Red Deer & District Chamber of Commerce’s announcement that it will assemble a task force to tackle homelessness in Red Deer surprised an Indigenous community agency trying to obtain funding for an affordable housing project.
“I don’t think the Chamber of Commerce is aware of what the city and community are doing. They need to talk to people involved and already working on this, and working collaboratively,” said Raye St. Denys, executive director of Shining Mountains Living Community Services and a member of the city’s housing and homelessness committee.
On Tuesday the chamber announced it will develop a task force of business and community leaders to identify steps to address homelessness because current strategies were not enough.
She said Shining Mountains has provided affordable housing since 1999 and now has 20 units with plans for more. A funding proposal was just sent to the federal government and the decision is expected in June on a plan to purchase the Holiday Inn Express at 2803-50th Ave. and turn it into a 75-unit affordable housing complex.
St.
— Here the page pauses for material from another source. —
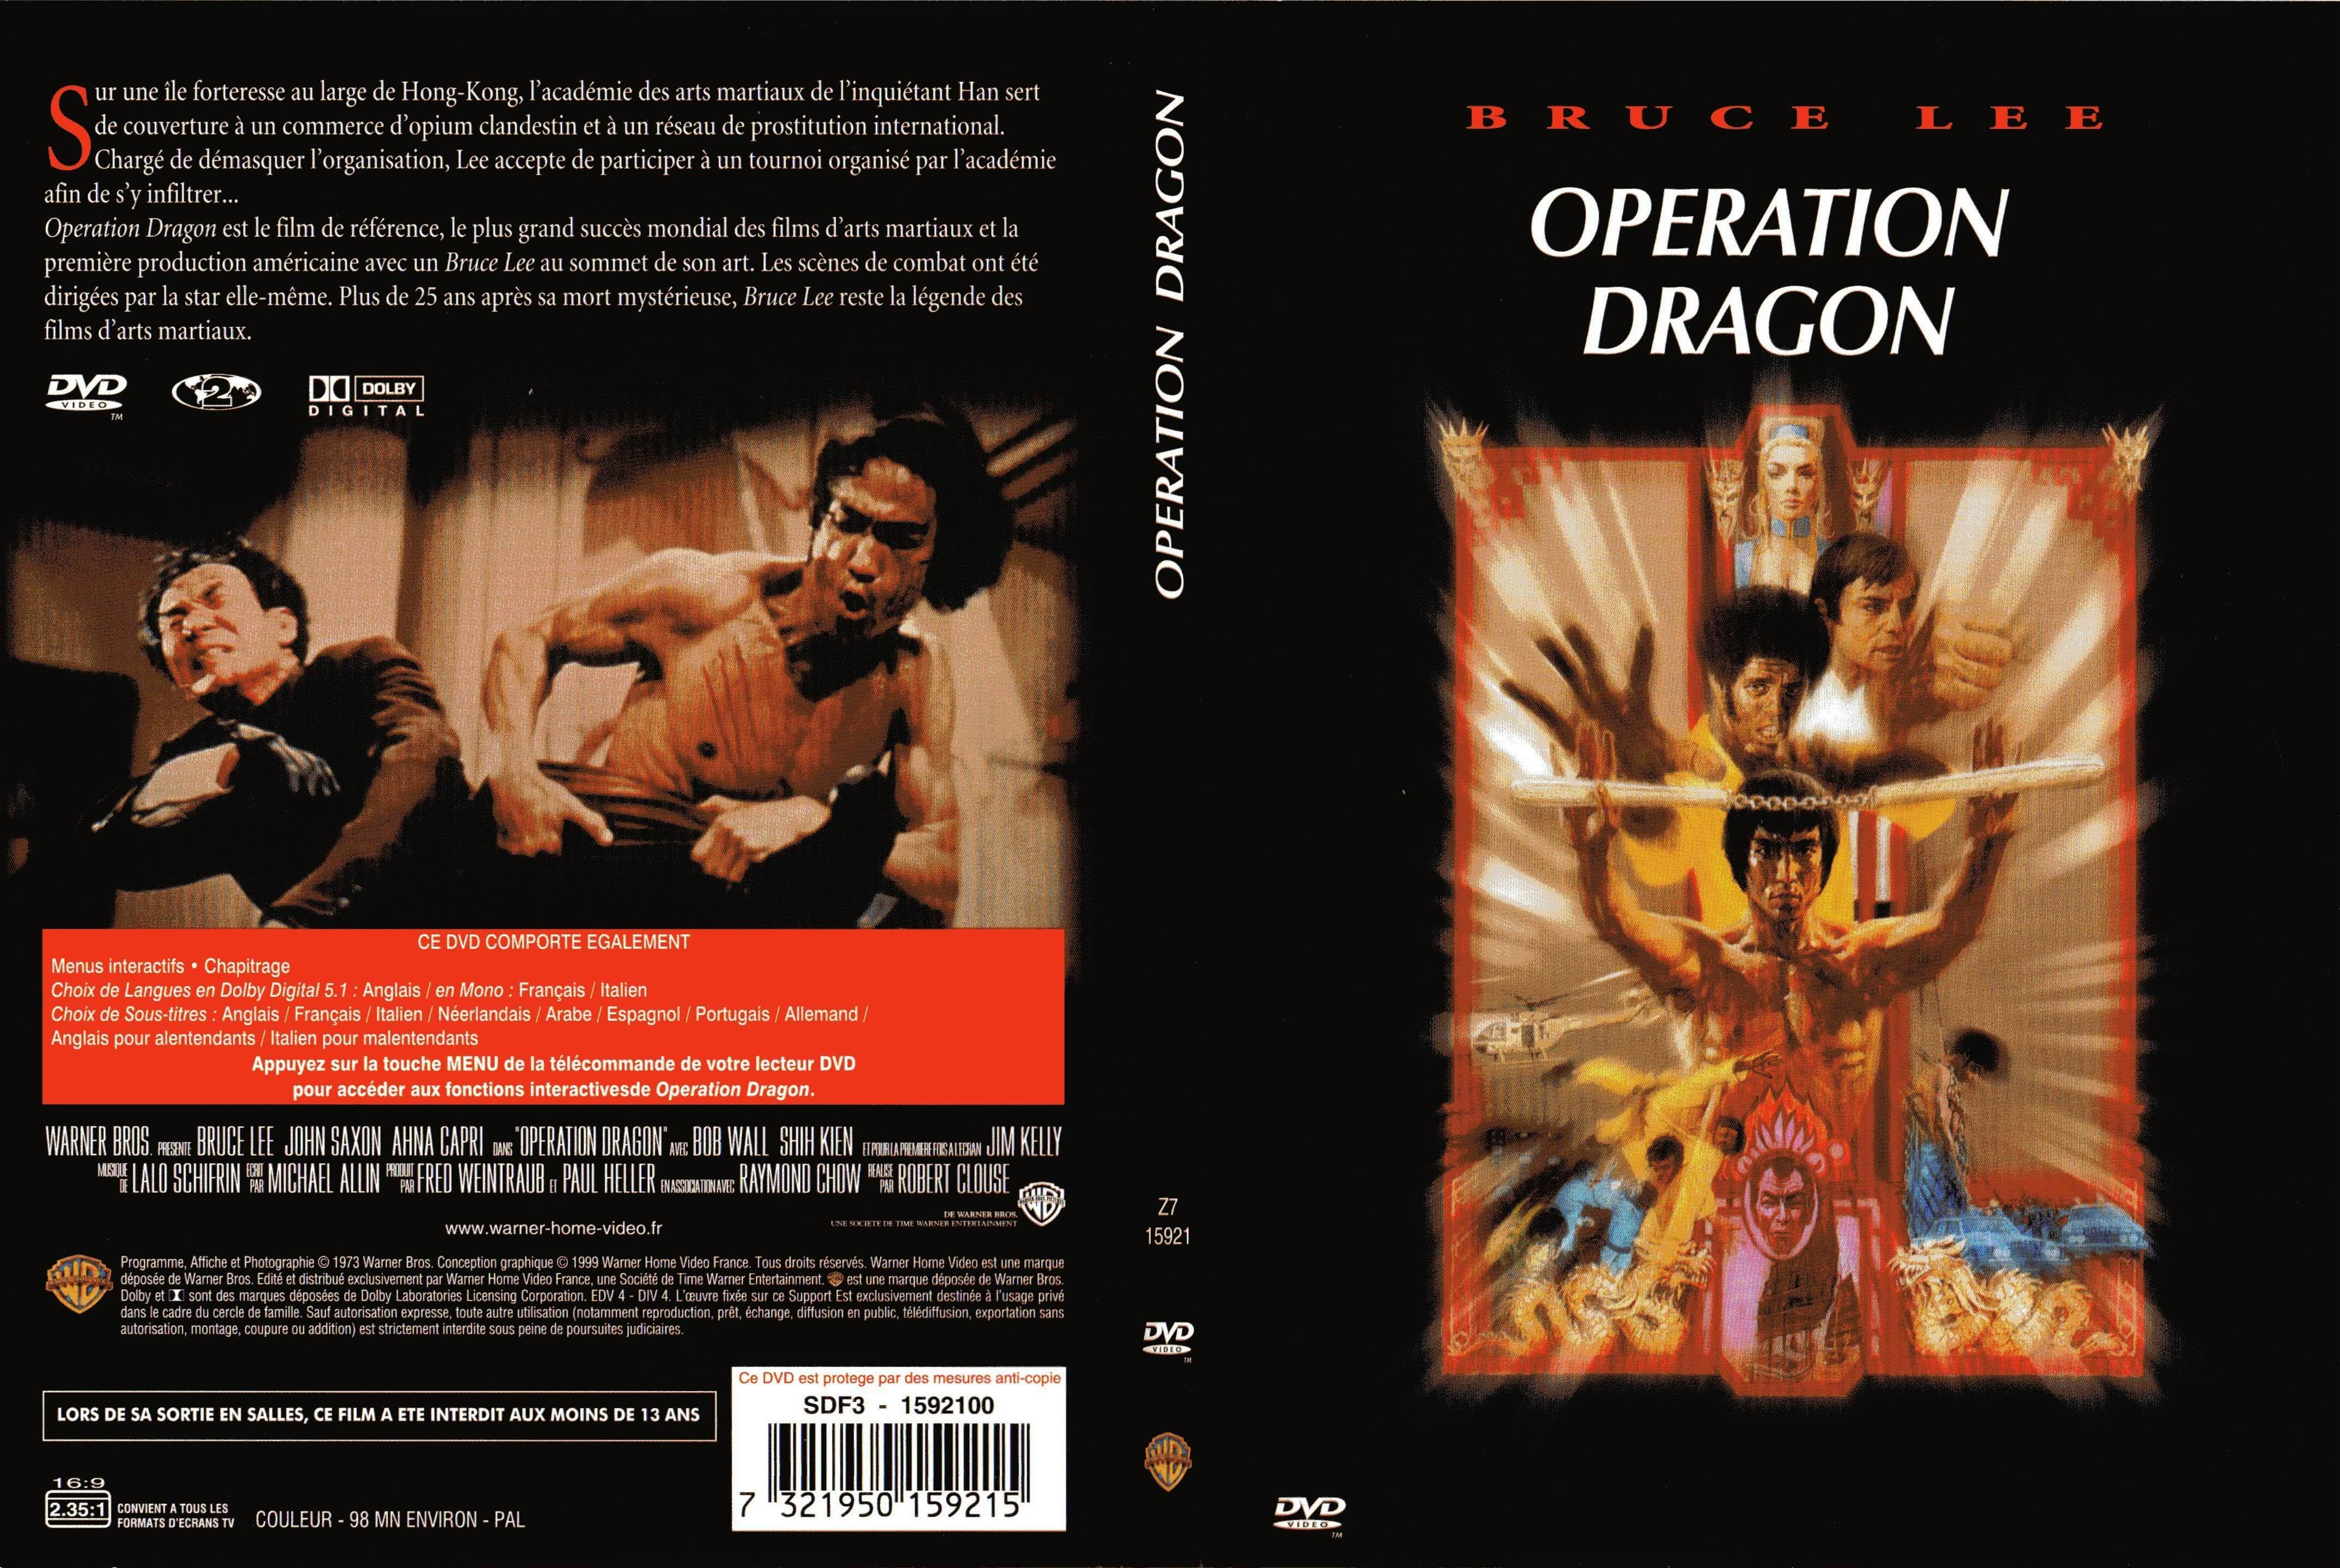 Jaquette DVD Operation dragon - SLIM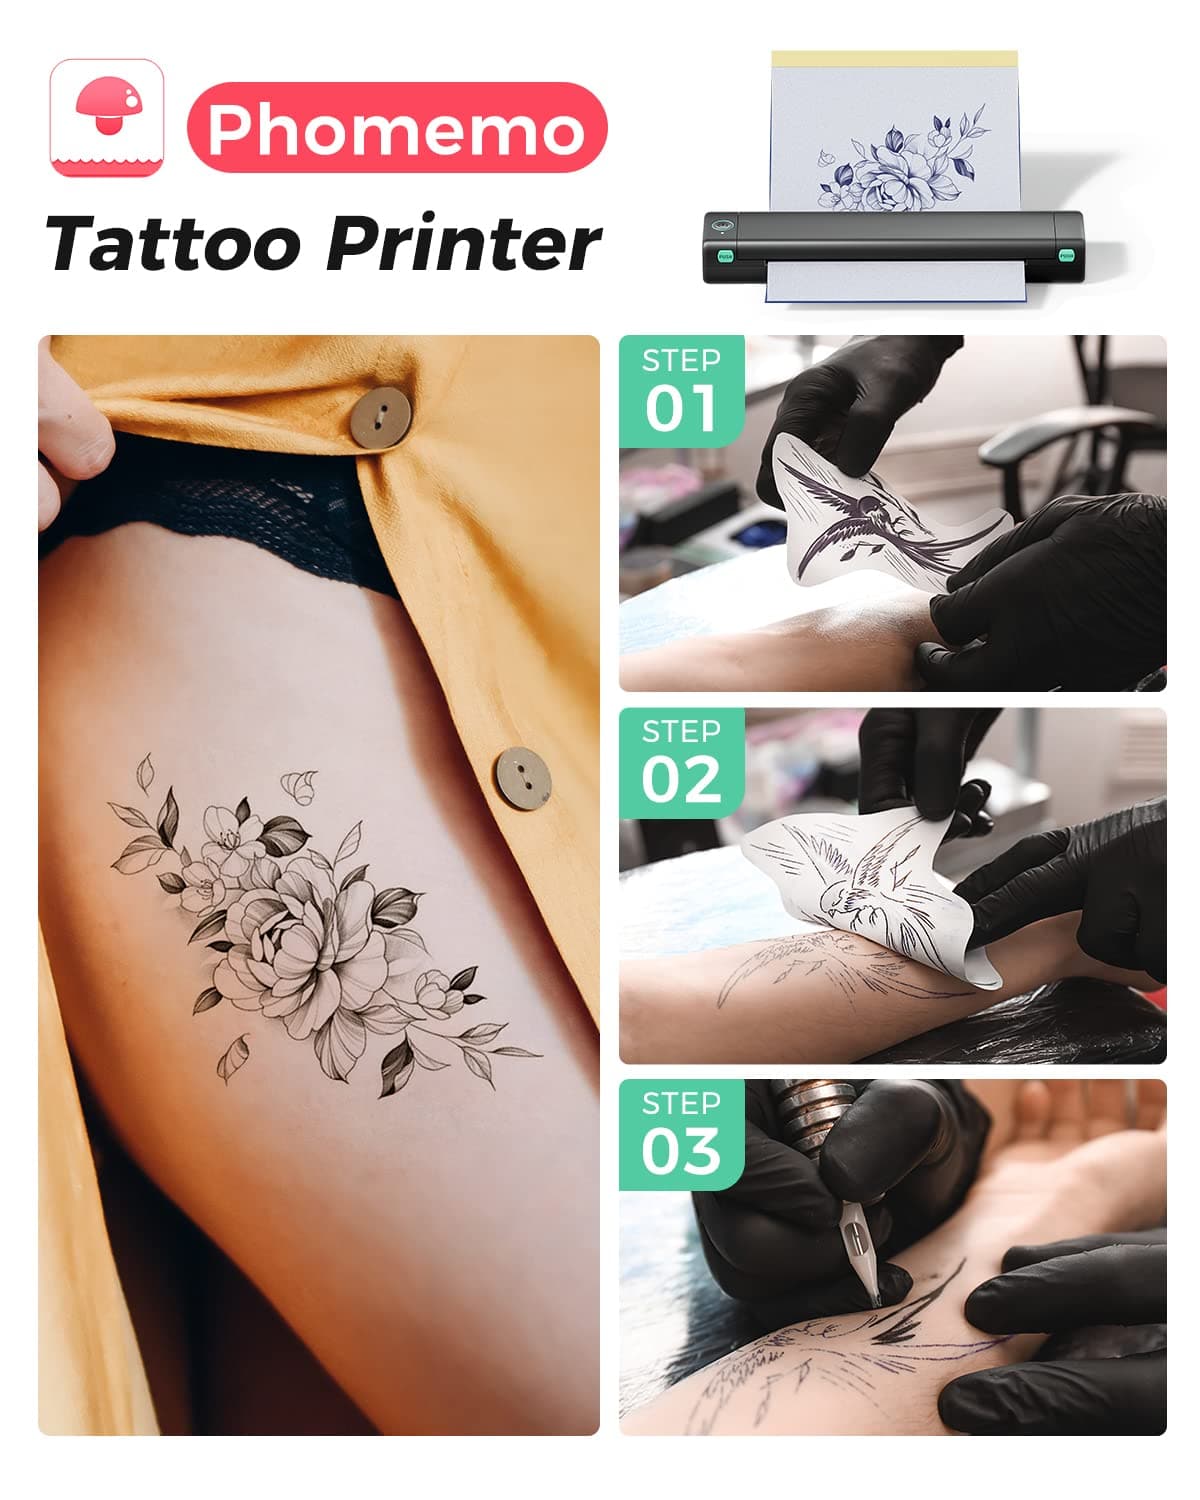 Itari M08F Wireless Tattoo Stencil-Printer - Tattoo Transfer Machine  Thermal Copier with 10pcs Transfer Paper, Bluetooth Stencial Printer for

Denys said a large portion of Red Deer’s homeless are Indigenous and the chamber needs to connect with Indigenous people.
“It would be useful on their part to ask us for our expertise.”
Unfortunately, the chamber has not made an effort to respond to previous inquiries from Shining Mountains, she said.
Chamber CEO Scott Robinson said the chamber is not naive to the challenges ahead nor that there are lots of solutions already in place, and wouldn’t say no to working with any group.
“We know there’s a lot of different players involved, a lot of different groups involved in trying to help the community, and we’re going to be open to working with all those groups,” Robinson said.
“It just felt like the right time for us to put our hand up and say we’re here to help. We want to bring the community together around trying to solve some of the challenges we face.”
The catalyst for the chamber’s announcement was the recent release of the City of Red Deer’s Point in Time Report that showed the number of people experiencing homelessness in Red Deer has more than doubled in the last five years.
The 2022 federally-funded, municipally-done survey shows 334 people were experiencing homelessness in the city compared to 144 individuals in 2018.
Mayor Ken Johnston said he appreciates the chamber’s enthusiasm to bring an innovative approach to addressing homelessness, to research and share ideas. The city will provide whatever information it can to assist.
“I feel cheered today that an organization with the reach and profile of our chamber is willing to come in and move this forward. It’s an extremely complex file and to have the chamber jump in and say, ‘Hey, we want to put our shoulder to the wheel here,’ I think is great,” Johnston said.
He said the chamber will bring private sector input that perhaps is missing, or isn’t enough, when it comes to the issue of homelessness in the city.
“We’re all in this for a better Red Deer. We’re in this to create a better environment.”